W rozmowie z wp.pl, Michał Bajor zdradził, że jego czujność wobec tego, jaki bałagan może panować podczas Opola, wzbudziły przygotowania do koncertu mającego uczcić pamięć Wojciecha Młynarskiego:

Reklama

Artyści, razem z prezydentem Opola poczuli się w pewnym momencie zagubieni. Większa cześć społeczności estradowej uznała, że w tego typu bałaganie nie chcemy brać udziału. Ja zrezygnowałem już dwa miesiące temu, kiedy miałem wystąpić w koncercie Wojciecha Młynarskiego. Bardzo się z tego ucieszyłem, miałem zaśpiewać "Karolinkę", ale dowiedziałem się, że tam w ogóle nie będzie rodziny. Nie będzie Agaty, Pauliny, Jasia. Zapytałem "jak to? przecież Wojtka nie ma od kilku tygodni, jak można robić koncert bez jego rodziny?" Wtedy byłem jednym z pierwszych, który powiedział "przepraszam, poczekam na Opole zrobione z głową".
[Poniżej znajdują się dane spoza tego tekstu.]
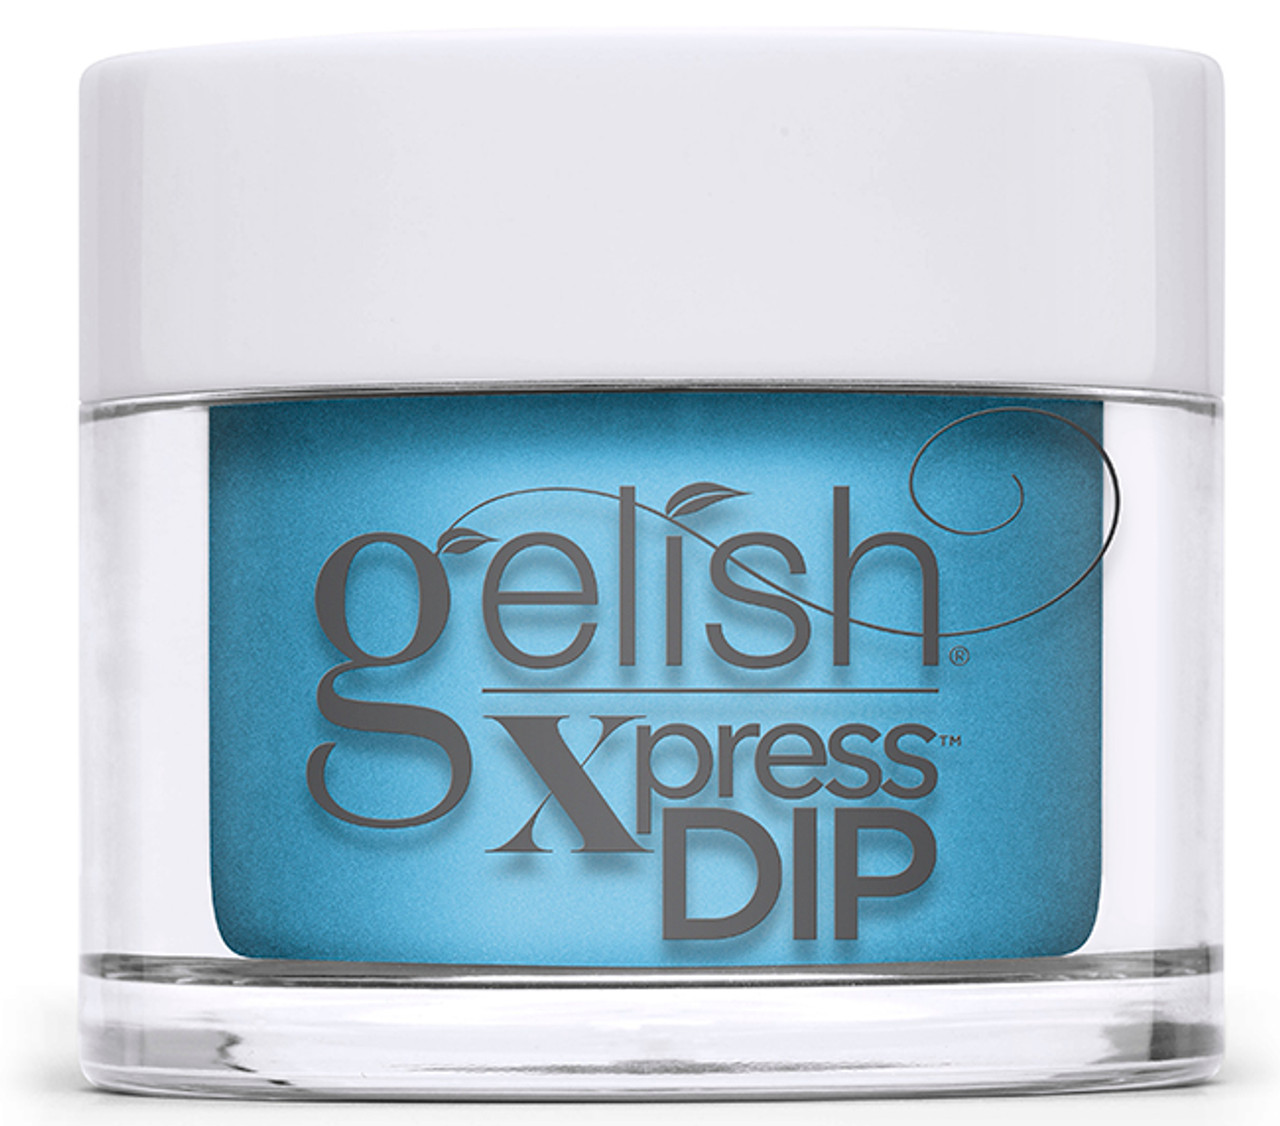 Gelish Xpress Dip No Filter Needed - 1.5 oz / 43 g

Bajor dodał, że większość artystów zrezygnowała z Opola właśnie z uwagi na bałagan i niepewność tego, co ich czeka podczas tego festiwalu:

Nie nazwałbym tego bojkotem. To jest raczej pokazanie, że jesteśmy grupą ludzi, która nie da się przerzucać z koszyczka do koszyczka. Nastąpiła tak ogromna ilość niepewności, że wszyscy pękli

Muzyk zapewnił także, że w pełni rozumie decyzje Kayah i Maryli Rodowicz, które zapoczątkowały lawinę rezygnacji artystów z udziału w tegorocznej edycji festiwalu.